One observation on this point came from Justice Neil Gorsuch, who expressed concerns about harm requirements and Title VII’s scope.
“I think we’ve also kind of indicated in our cases that when you treat someone worse than another person because of race or sex, that’s kind of the end of it, and there isn’t a further inquiry into how badly you treated somebody worse,” Gorsuch said. “And once the courts get into the business of asking whether that injury is material or a reasonable person would be offended by it, that’s a whole different extra textual layer that’s going to weed out a bunch of claims based on a judge’s sensibilities about how bad is bad enough.”
Where do transfers fall?
Members of the court, including some of its conservative wing, challenged Loeb’s position that a transfer decision alone falls under the kind of “trifles” that Congress did not intend to legislate when enacting Title VII.
Justice Brett Kavanaugh, for instance, questioned comparing the kind of transfer to which the employee in Muldrow was subjected to transfers in which employees are given a different colored pen or office paint. “When you’re transferred from one office to another or one branch to another that’s a lot different, it strikes me,” Kavanaugh said.
Ellen Eardley, managing partner at Mehri & Skalet, told HR Dive that forced transfers motivated by protected characteristics can have much the same effect on employees as other discriminatory employment actions, such as the assignment of certain job duties, losses in pay or benefits, or being denied a promotion.

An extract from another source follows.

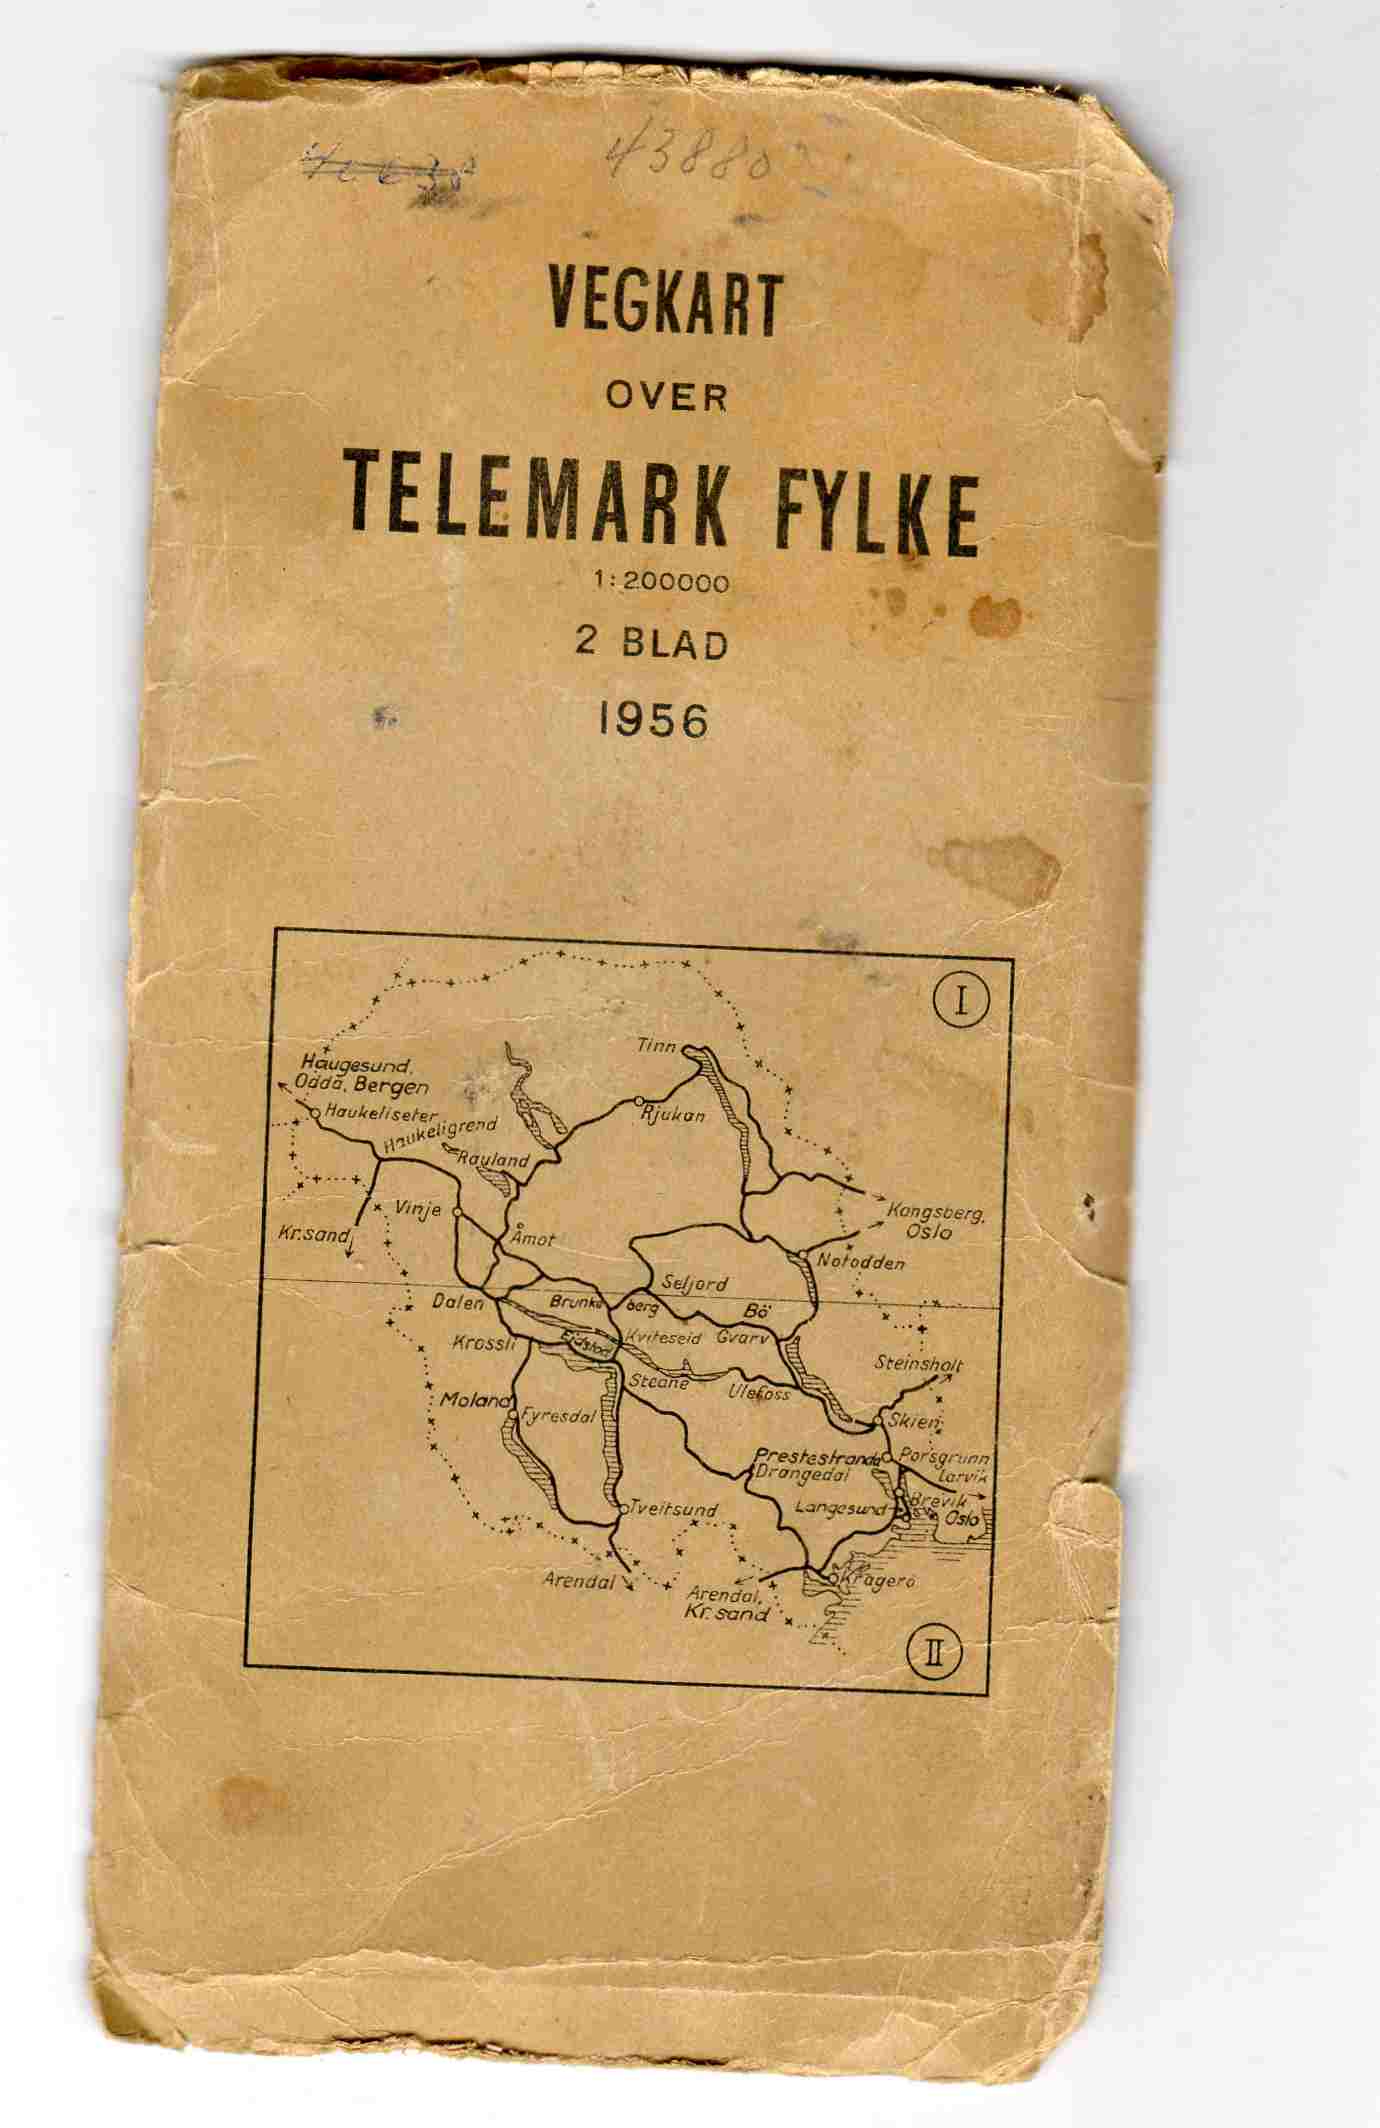 Vegkart over Telemark fylke 2 blad 1956
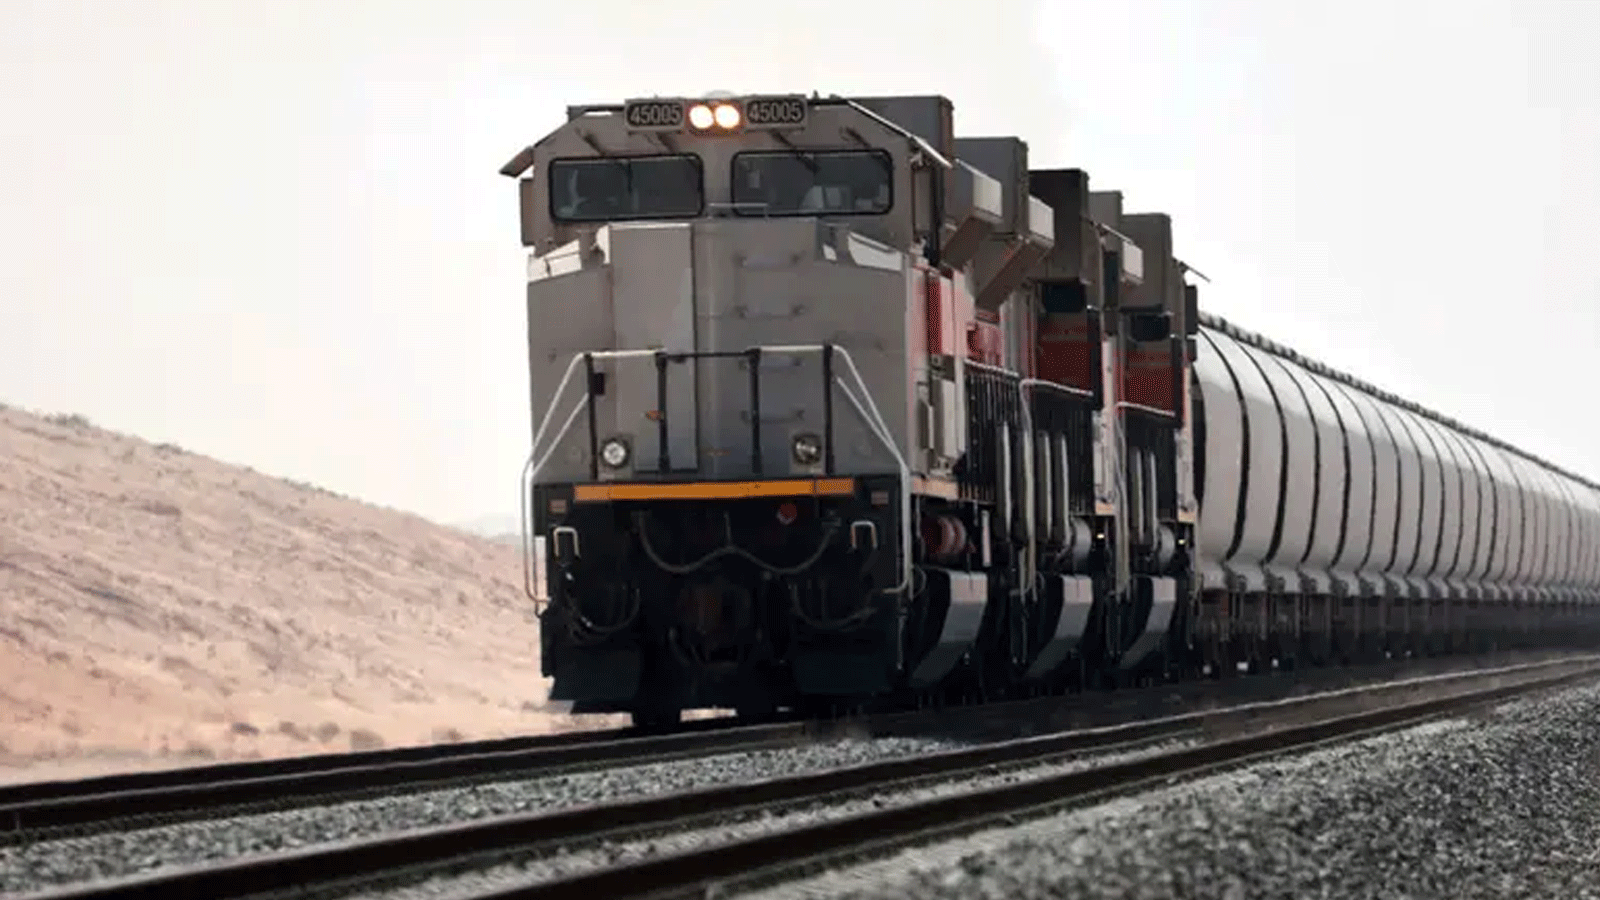 صورة تم التقاطها في 1 نيسان\ أبريل 2021 تُظهر قطارًا تابعًا لشبكة الاتحاد للقطارات في المرفأ بدولة الإمارات العربية المتحدة.

Eardley, a civil rights attorney who said she primarily represents employees, pointed to the high court’s 1986 decision in Meritor Savings Bank, FSB v. Vinson as a potential indicator for how the court could rule in Muldrow. In Meritor, the court held that claims of “‘hostile environment’” sexual harassment are a form of sex discrimination under Title VII, and that the language of Title VII is not limited to “‘economic’” or “‘tangible’” discrimination.
“I think it’s very similar to the question that’s before the court now,” Eardley said of Meritor, adding that the question of whether a forced transfer changes the terms and conditions of employment is the same as what the court faced in determining whether harassment could alter such terms and conditions.